> [Supplied information]:
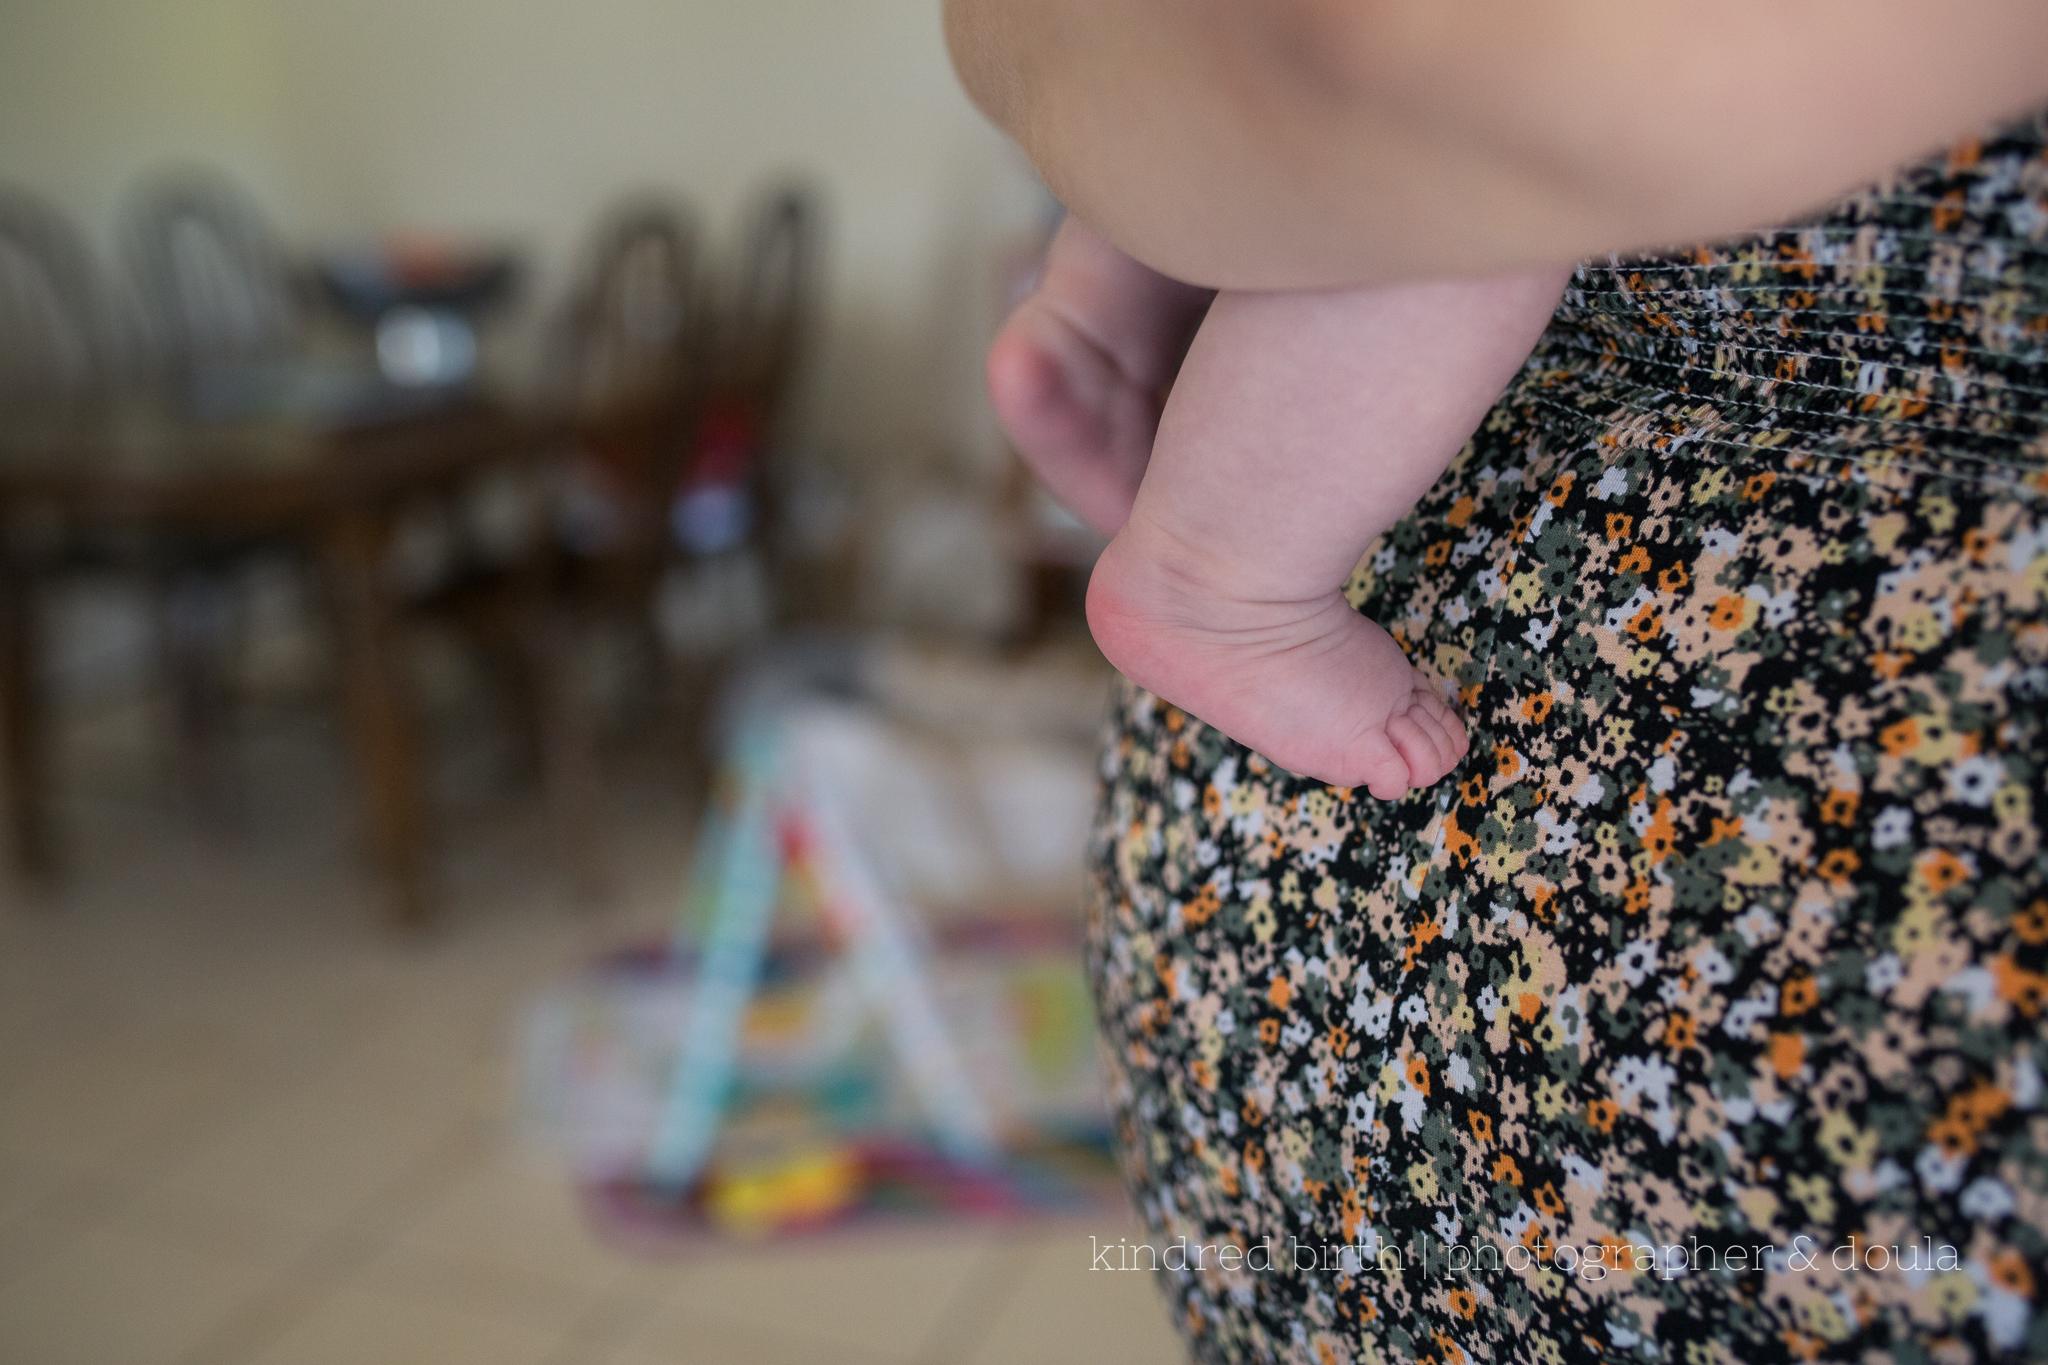 Kindred Birth - Gemma & Jamie family-9.jpg
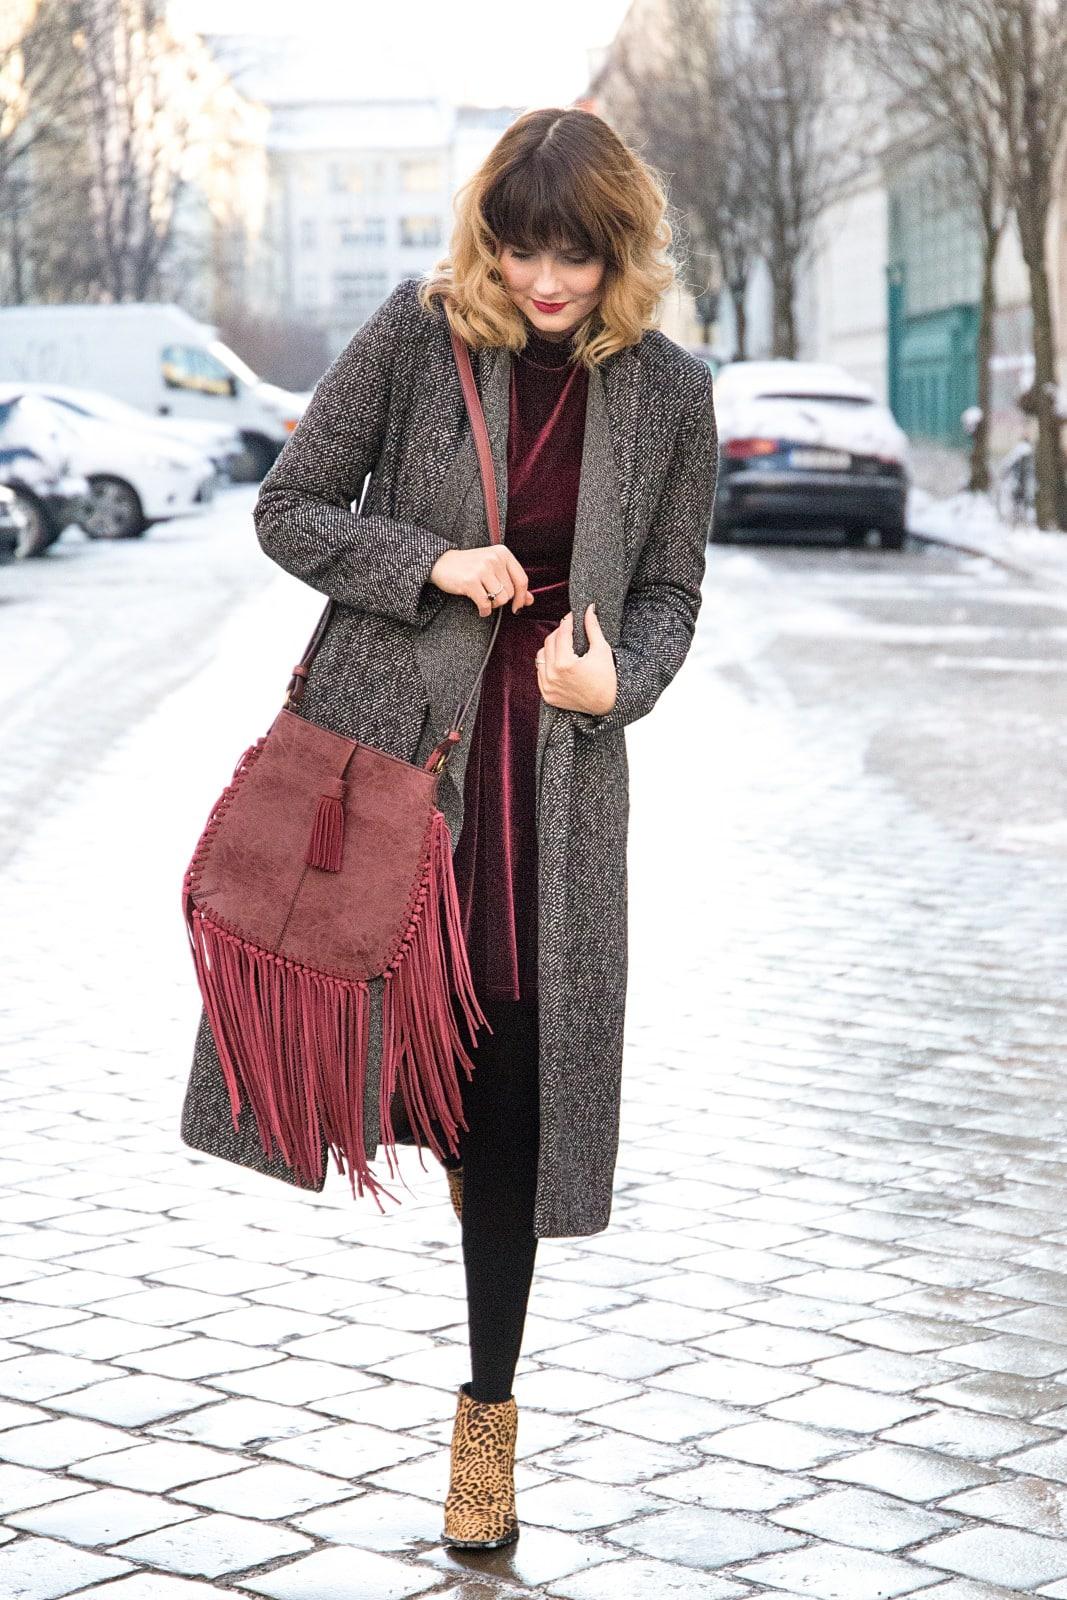 desbelleschoses-fashion-blog-köln-deutschland-berlin-fashion-week-januar-2016-streetstyle-tag-2-samtkleid-leo-boots 5
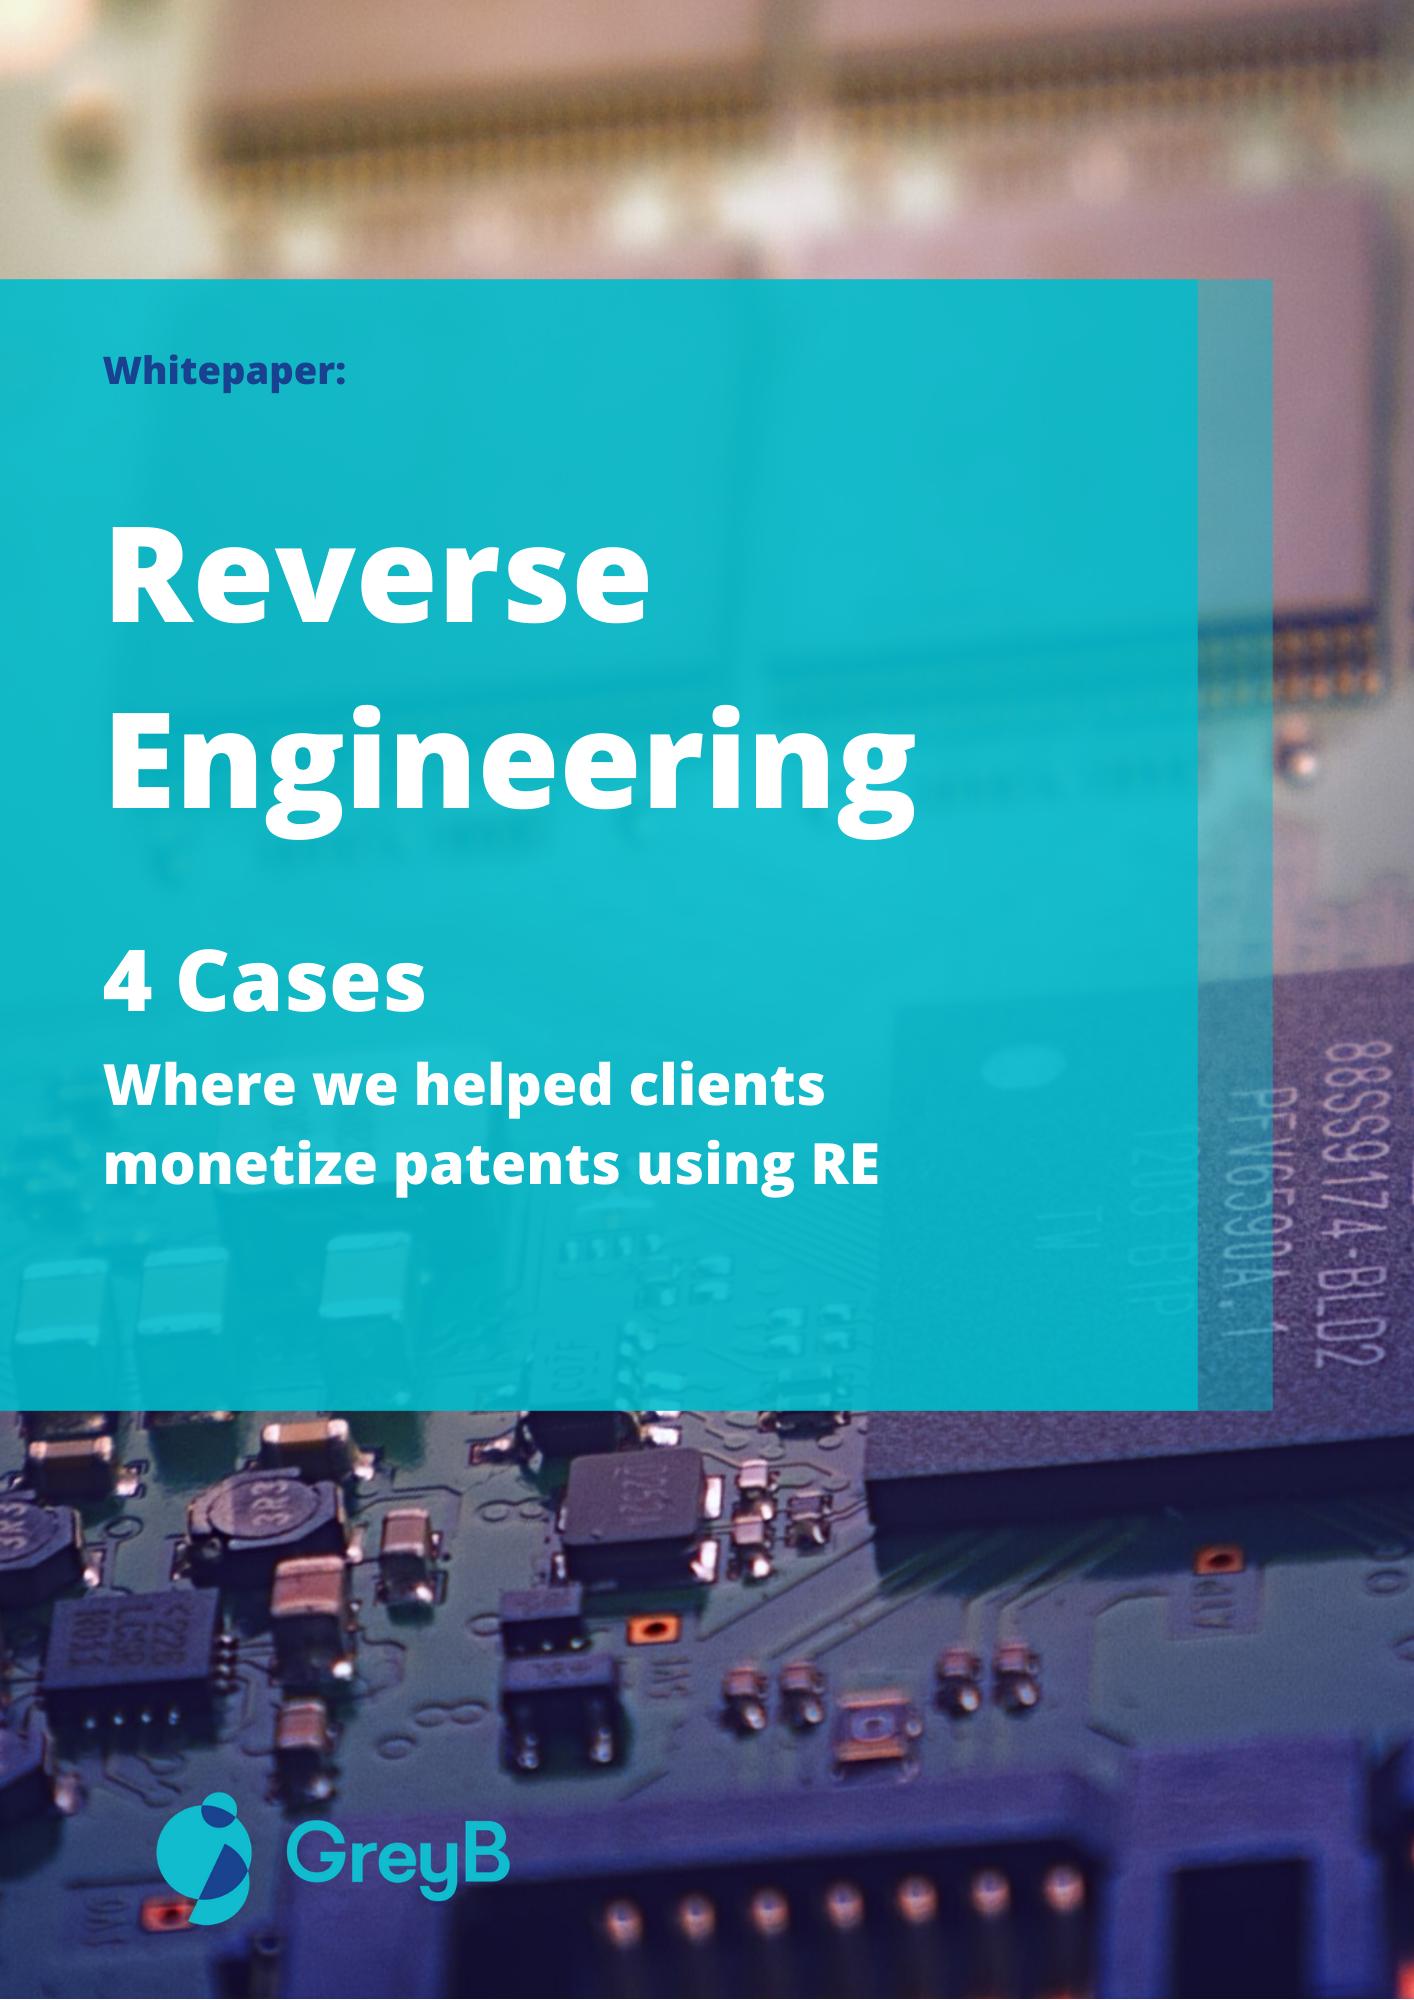 Whitepaper - Reverse engineering patent infringement case study

> [Directions]:
Pictures aside, reproduce all of the material above without alteration.

> [Answer to this exercise]:
 Kindred Birth - Gemma & Jamie family-9.jpg
 desbelleschoses-fashion-blog-köln-deutschland-berlin-fashion-week-januar-2016-streetstyle-tag-2-samtkleid-leo-boots 5
 Whitepaper - Reverse engineering patent infringement case study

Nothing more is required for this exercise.